Induction of neurite outgrowth through contactin and Nr-CAM by extracellular regions of glial receptor tyrosine phosphatase β

Takeshi Sakurai, Marc Lustig, Moshe Nativ, John J. Hemperly, Joseph Schlessinger, Elior Peles, Martin Grumet

Research output: Contribution to journalArticlepeer-review

151 Scopus citations

Abstract

Receptor protein tyrosine phosphatase β (RPTPβ) is expressed as soluble and receptor forms with common extracellular regions consisting of a carbonic anhydrase domain (C), a fibronectin type III repeat (F), and a unique region called S. We showed previously that a recombinant Fc fusion protein with the C domain (βC) binds to contactin and supports neuronal adhesion and neurite growth.
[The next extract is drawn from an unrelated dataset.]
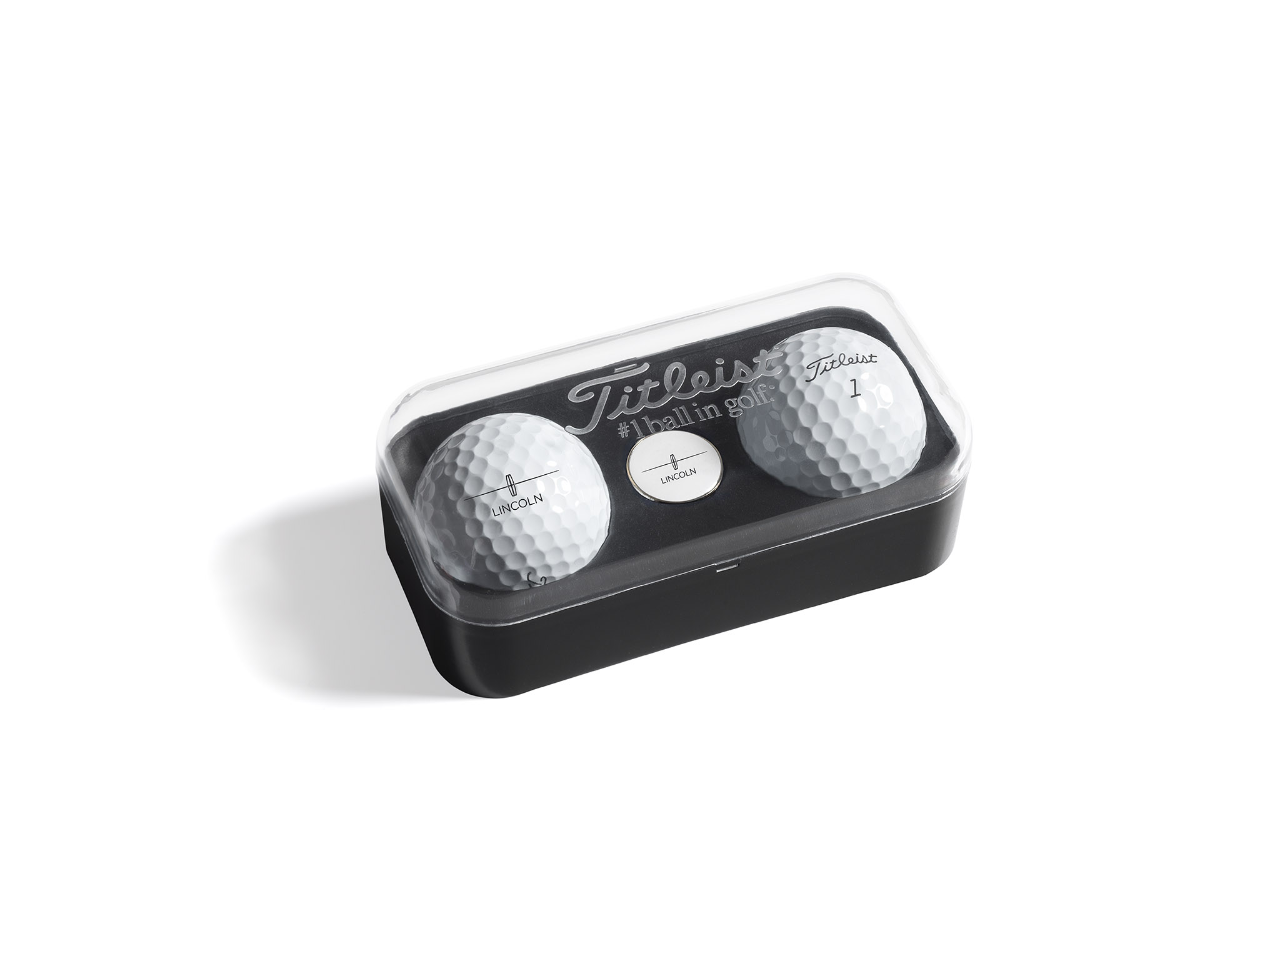 Titleist Two-Ball Marker Pack - Pro V1x Golf Balls

As a substrate, βCFS was less effective in supporting cell adhesion, but it was a more effective promoter of neurite outgrowth than βCF. βS had no effect by itself, but it potentiated neurite growth when mixed with βCF. Neurite outgrowth induced by βCFS was inhibited by antibodies against Nr-CAM and contactin, and these cell adhesion molecules formed a complex that bound βCFS. NIH-3T3 cells transfected to express βCFS on their surfaces induced neuronal differentiation in culture. These results suggest that binding of glial RPTPβ to the contactin/Nr-CAM complex is important for neurite growth and neuronal differentiation.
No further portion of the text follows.